Apparatus 50 is connected to an inverted gas storage cylinder or bottle 51 which contains compressed carbon dioxide. Inverting the cylinder 51 allows liquid carbon dioxide in the cylinder 51 to more easily flow out of the cylinder 51 since the liquid is heavier than carbon dioxide gas which is also stored in the cylinder 51. This contributes to increasing the cooling capability of the apparatus 50.

The storage cylinder 51 is not limited to holding carbon dioxide gas, and it may contain any other suitable fluid which can be used to cool a beverage container.

For example, the cylinder 51 may hold liquid nitrogen or Freon gas. An outlet 52 of the cylinder 51 is connected to an inlet of a first stopcock 53.

The first stopcock 53 is of a conventional type and is operable to regulate the flow of carbon dioxide from the outlet 52 of the cylinder 51.

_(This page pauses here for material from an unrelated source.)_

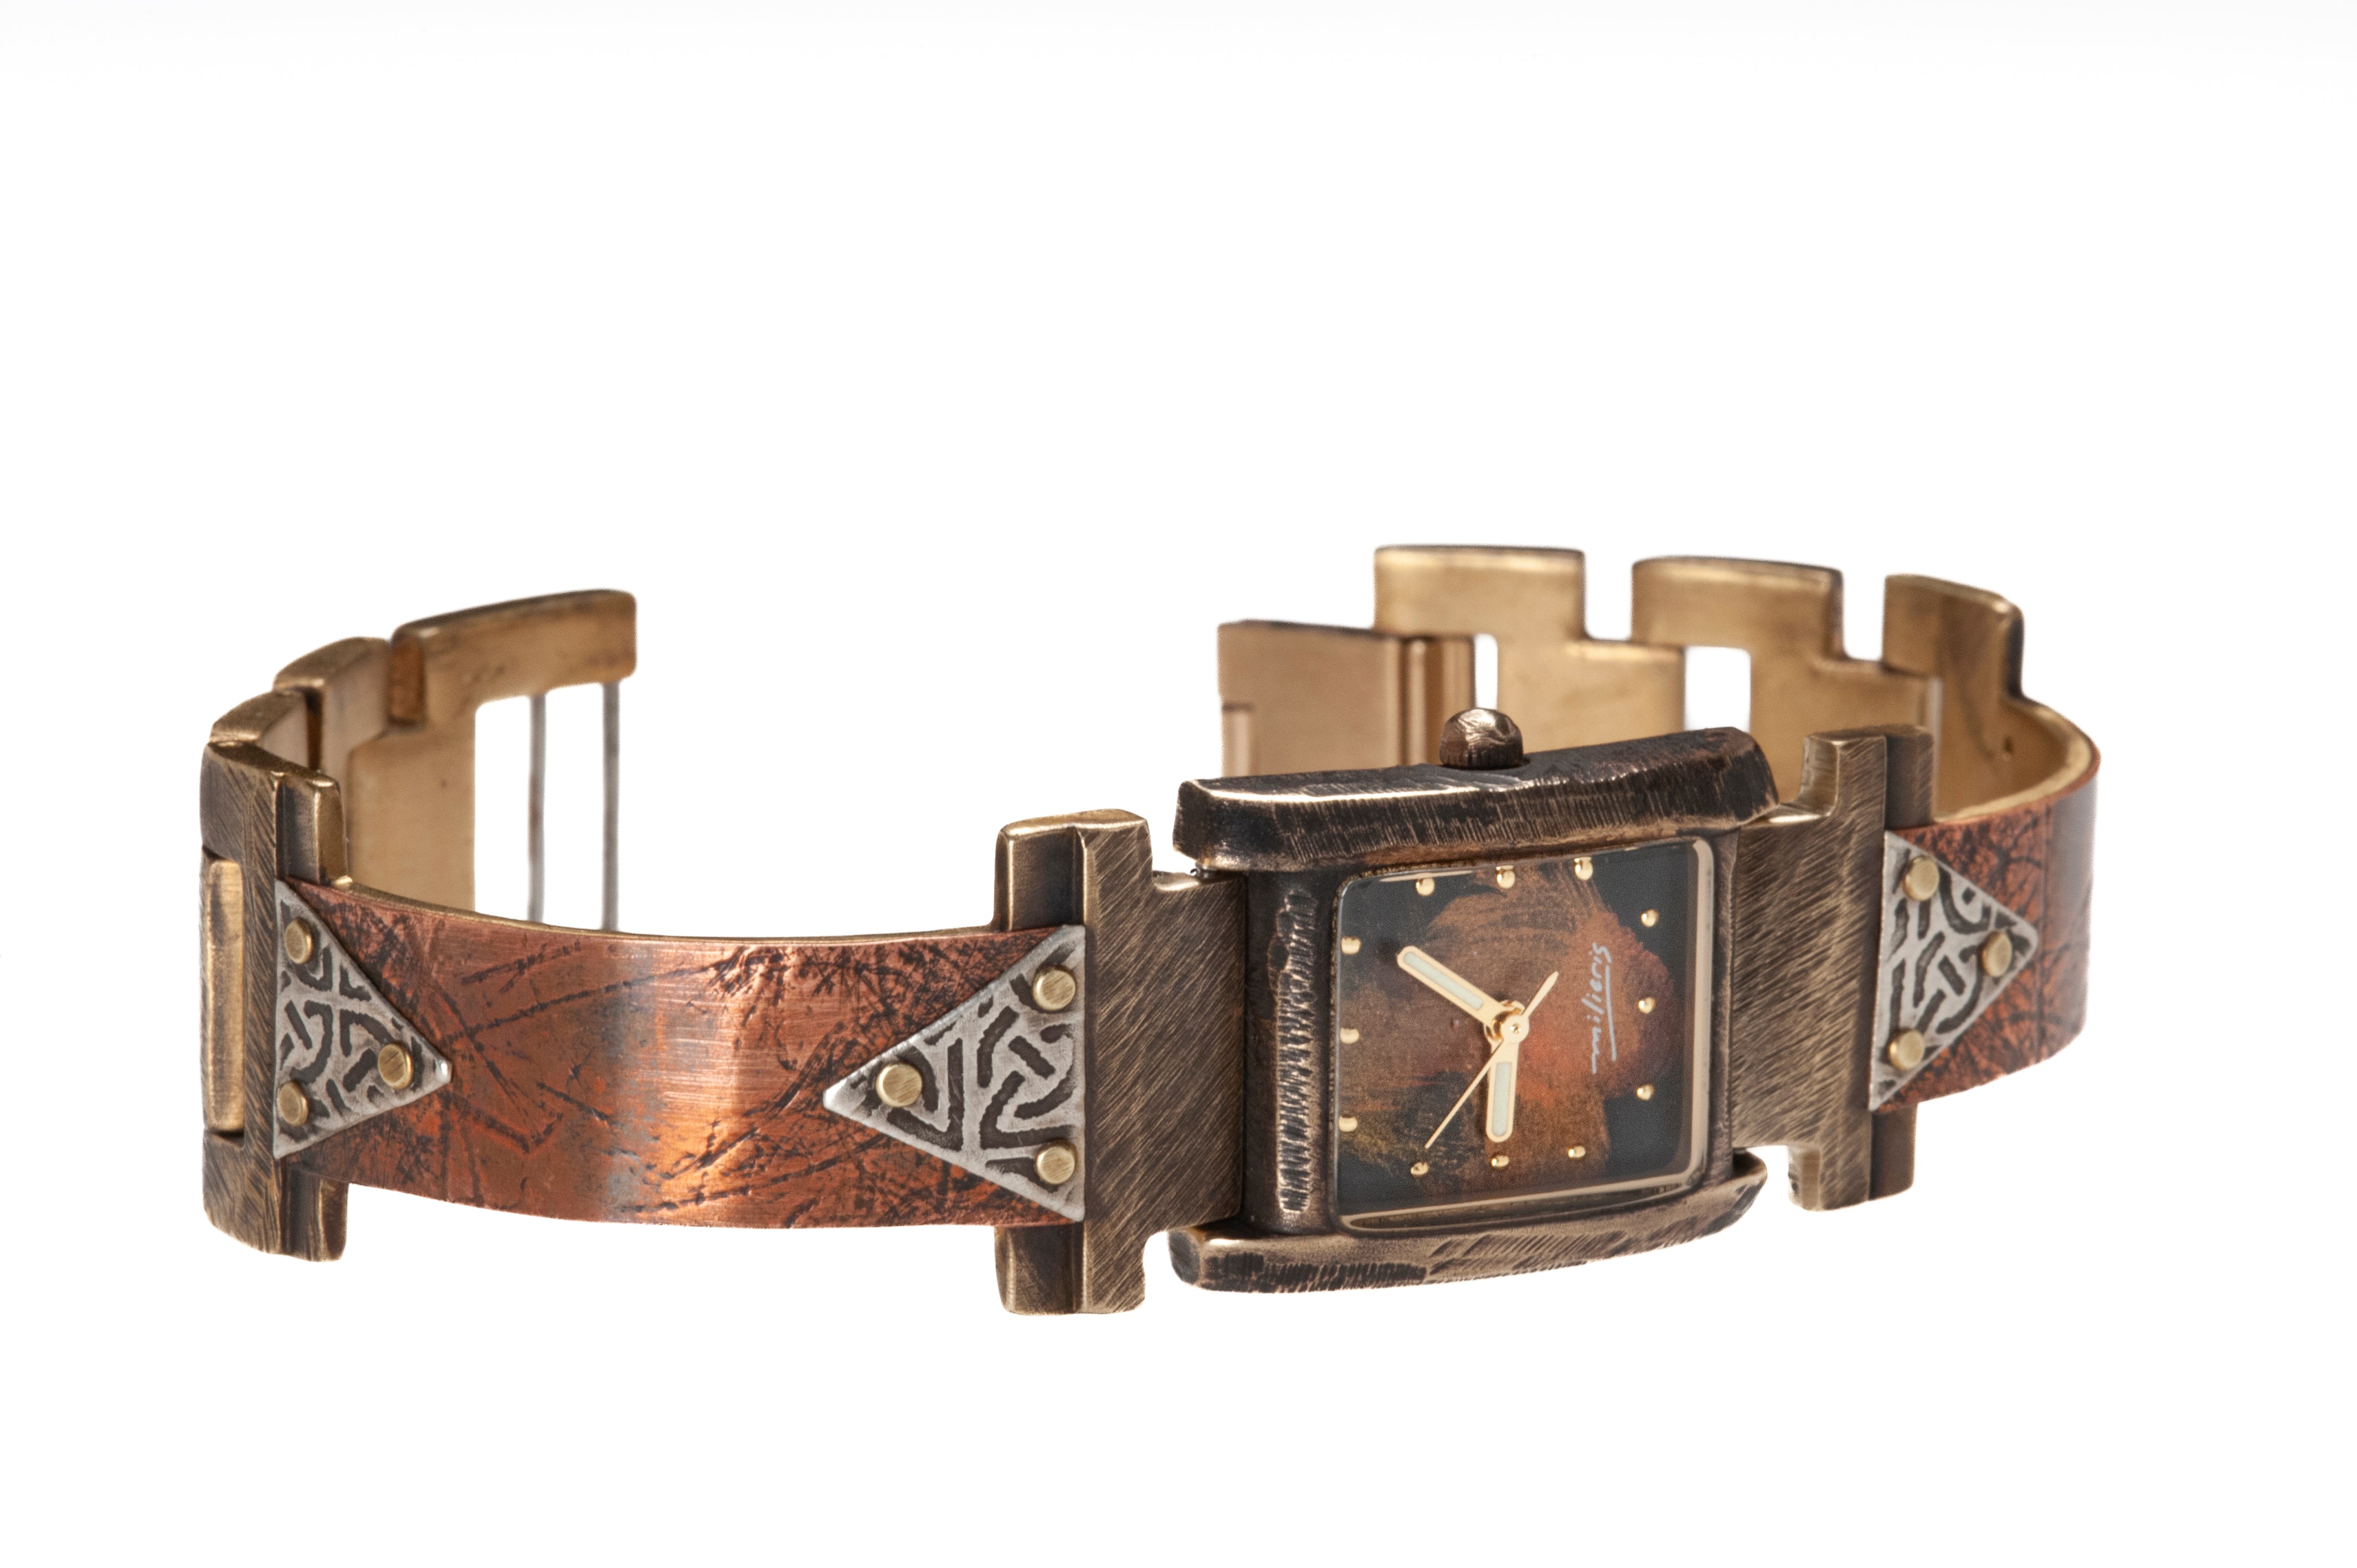 The Ponte Vecchio watch in copper and silver, facing right. Note the domed glass that marks the FLORENCE collection. Silver triangles embossed with Celtic designs are hand-riveted to both ends of the copper watch band which bears the patterns of handmade coconut paper pressed onto the metal.

An outlet of the first stopcock 53 is connected to an inlet of a second stopcock 54. The second stopcock 54 is of a unique design and includes a handle 55 and a body 56 from which the handle 55 extends. The flow of carbon dioxide through the second stopcock 54 can be regulated by rotating the handle 55 in a clockwise or anticlockwise direction as depicted by the arrows 57 in figure 1.

An inlet of an equaliser valve 58 is connected to an outlet of the second stopcock 54 by a hose 59. The equaliser valve 58 has a pair of outlets which are connected to inlet connectors 60 of a receptacle 61. In particular, each outlet of the equaliser valve 58 is connected to a respective inlet connector 60 of the receptacle 61 by a respective hose 62. The inlet connectors 60 are part of a bottom section 63 of the receptacle 61. The size of the orifices in the equaliser valve 58 which extend between the inlet and outlets thereof regulates the pressure of fluid which flows through the equaliser valve 58.

Referring to figures 2 and 3, the bottom section 63 has a cylindrical body 70 which includes a central circular recess 71 and a central circular opening 72 which extends through the body 70. A shaft 73 is received by the opening 72 such that the shaft 73 is able to be extended and retracted relative to the body 70. A disk-shaped platform 74 which is concentric with both the recess 71 and the opening 72 is secured to the shaft 73 so that the platform 74 is able to be elevated and lowered relative to the body 70 by respectively extending and retracting the shaft 73 relative to the opening 72. The diameter of the platform 74 is slightly less than the diameter of the recess 71 so that the platform 74 is able to be received by the recess 71 when the shaft 73 is fully retracted relative to the opening 72. A compressive coil spring 75 biases the shaft 73 away from the body 70. The body 70 also has a circular channel 76 which is concentric with the centre of the body 70. Two circular inlet openings 77 extend through the body 70. The inlet openings 77 are located diametrically opposite each other and at the bottom of the channel 76. The inlet connectors 60 of the bottom section 63 are screwed into the inlet openings 77. Body 70 includes an inner groove 78 located on one side of the circular channel 76, and an outer groove 79 located on the other side of the channel 76. Both the inner groove 78 and the outer groove 79 are concentric with the channel 76. An inner O-ring seal 80 is received by the inner groove 78, and an outer O-ring seal 81 is received by the outer groove 79. A plurality of circumferentially spaced securing holes 82 extend through the body 70. Some of the securing holes 82 are located between the inner O-ring seal 80 and the recess 71, while others are located between the outer perimeter of the body 70 and the outer O-ring seal 81.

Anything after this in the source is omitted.